Proteins play vital roles in the proper functioning of all biological systems. It has become a consensus in the field of biochemistry that protein function, structure and dynamics are closely related, among which the dynamics holds the key to understand how protein structure ultimately determines its biological functions. This dissertation tries to thoroughly investigate protein conformation dynamics and local hydration dynamics at the most fundamental level with state-of-the-art femtosecond lasers and molecular biology techniques.
Conformational fluctuations occur on many timescales, yet it is the ultrafast dynamics that are still not well understood. Using a single intrinsic tryptophan as the local optical probe, we strived to develop optical techniques that would allow one to see in real time ultrafast protein conformational dynamics. We choose horse heart cytochrome c (Cyt c) as a model system to investigate the local environmental conformational changes in the vicinity of both the tryptophan and heme. By utilizing ultrafast transient absorption to observe the absorption change of the ground-state of heme or tryptophan due to environmental response of the protein after perturbation, also
known as the Stark effect, we observed, upon photolysis of the methionine-Fe bond, a proteinquake on the ultrafast regime.

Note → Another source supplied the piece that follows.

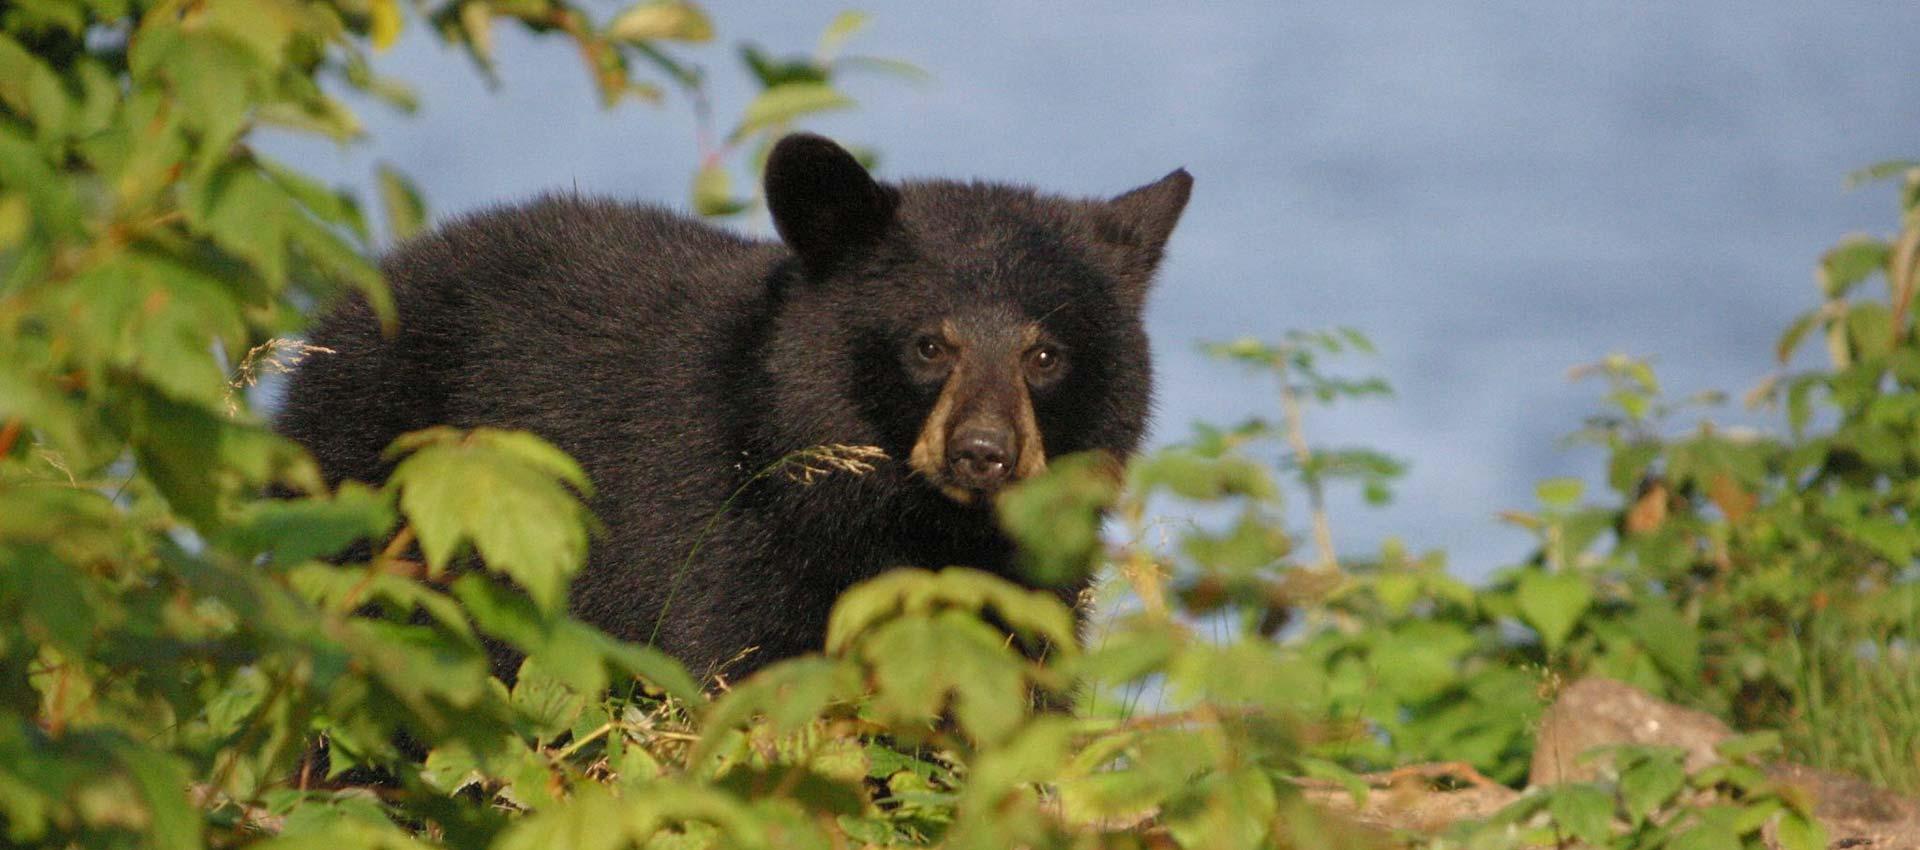 erringtons-nature-wildlife

We also studied protein hydration dynamics, whose understanding has far-reaching implications relating to protein plasticity and recognition, protein folding and aggregation, and enzyme catalysis. With site-directed mutagenesis, tryptophan as a local optical probe was placed at desired positions on peptide or protein surfaces to detect environment response using the femtosecond-resolved fluorescence up-conversion technique and reveal hydration dynamics with single-residue resolution. Systematic studies are first performed in small model systems, such as α-helix, β-hairpin, and a 20-residue globular protein of ptryptophan-cage. They clearly show that a certain ordered, rigid water network has been formed even for simple secondary structures. And finally, as a large and flexible globular protein, calmodulin was chosen to map the global surface hydration dynamics, in its calcium free, calcium binding and in complexation with a target protein states. A series of water-network relaxations and coupled protein structural fluctuations has been observed. It is also elucidated that the protein solvation dynamics is highly correlated with its own conformational dynamics.